“周剑南,你跟我说那么多关于李滕楠的事,恐怕这次来找我,跟你所说李滕楠的事情有关系吧。”周余生微微一愣,神情有些古怪的看着他,听着整座灵修阁,余音缭绕,轻撞着木牌,发出刺耳而诡异的声音,这些声音起初很是细微,在一阵空洞而诡异的声音中,紧接着越来越疾,越来越剧烈。

    “你可记得前年的大佛寺之案。”周剑南用犀利的目光扫视每一个角落,显得从容而谨慎。

    他目光幽幽的直视着前方,那声缭绕在耳畔的木铃中,时而沉重的幽幽的仿佛能听到体内那声轻铃的触碰,时而却细微的犹如一阵轻微的微风拂过面稍,周余生神情平静的注视着他,眼神从那柄断龙上一闪而逝,缓缓的回到了他的身上。

    “当年大佛寺在我们赶到大佛寺时,那是我从未见过的景象,数百座禅房庙宇在顷刻间变成一堆瓦砾,许多人都被埋在了瓦砾中,据传,藏经阁中的大佛十二密卷虽然从这场天降人祸中幸免于难,但掌管着这十二卷密卷的圣辰神僧,则在这场灾祸后,神秘的失踪了。就在十二卷密卷不知是被盗还是随着瓦砾淹没在南海山中,十二天后,无心法师圆寂了。”他的神色淡然,眼底一片平静。

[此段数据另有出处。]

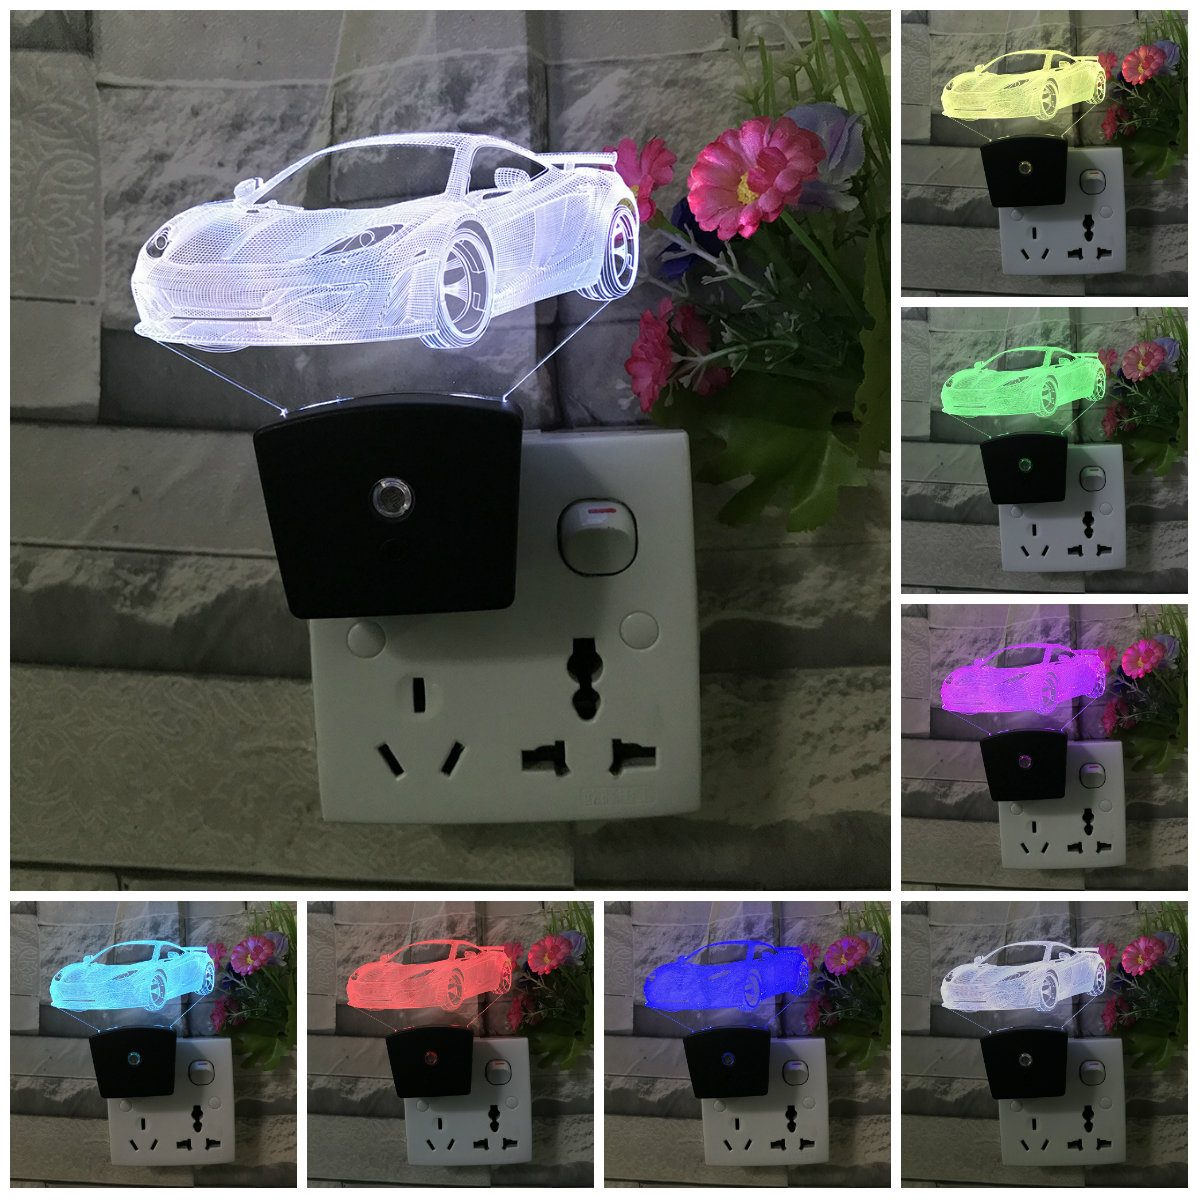 LED Night Light Lamp AC 110V 220V Light Sensor Control Auto Baby Bedroom Automate Colorful Light EU PLUG Wall Lamp IY103103-8

    “所以,当年天澜院会封锁关于大佛寺之案的原因,就是不想让淮南的世家还是家族得知这件事。因为大佛寺众多的香火供奉,其实很多时候,都被一股势力莫名接受了。而那股势力恐怕就是,淮南上位面的家族吧。”

    周余生神色恍然的点了点头,眸底掠过一抹若有所悟的幽光,它一闪而逝,微妙而复杂,令人难以洞悉。

    只要追溯到大佛寺的历史和起源,其实不难想到大佛寺作为淮界第一大邪寺能立足的根本原因,那就是背后被一股大势力推波助澜的送到淮南的大舞台之上。

    “大佛寺会被天子脚下,莫名的被一股势力动手了,再加上掌管着十二卷密卷的圣辰神僧失踪,上头的人已经怀疑到淮西的人身上了。”周剑南的不由多看了两眼周余生,那双淡然的眼神中,一缕幽光一闪即逝,很快的,那种诡异的幽光一闪即逝,再度恢复了平静。

    “刘玄南当日在南海城,亲眼看到你跟一个尼姑走得很近。”周剑南神色冷漠的看了他一眼,带着几分灼灼逼人的试探。

    “你说我与那女子,只是萍水相逢你信不信。”周余生那两道宽阔的浓眉一耸,目光炯炯的望着前方,丝毫没有一丝退避的意思。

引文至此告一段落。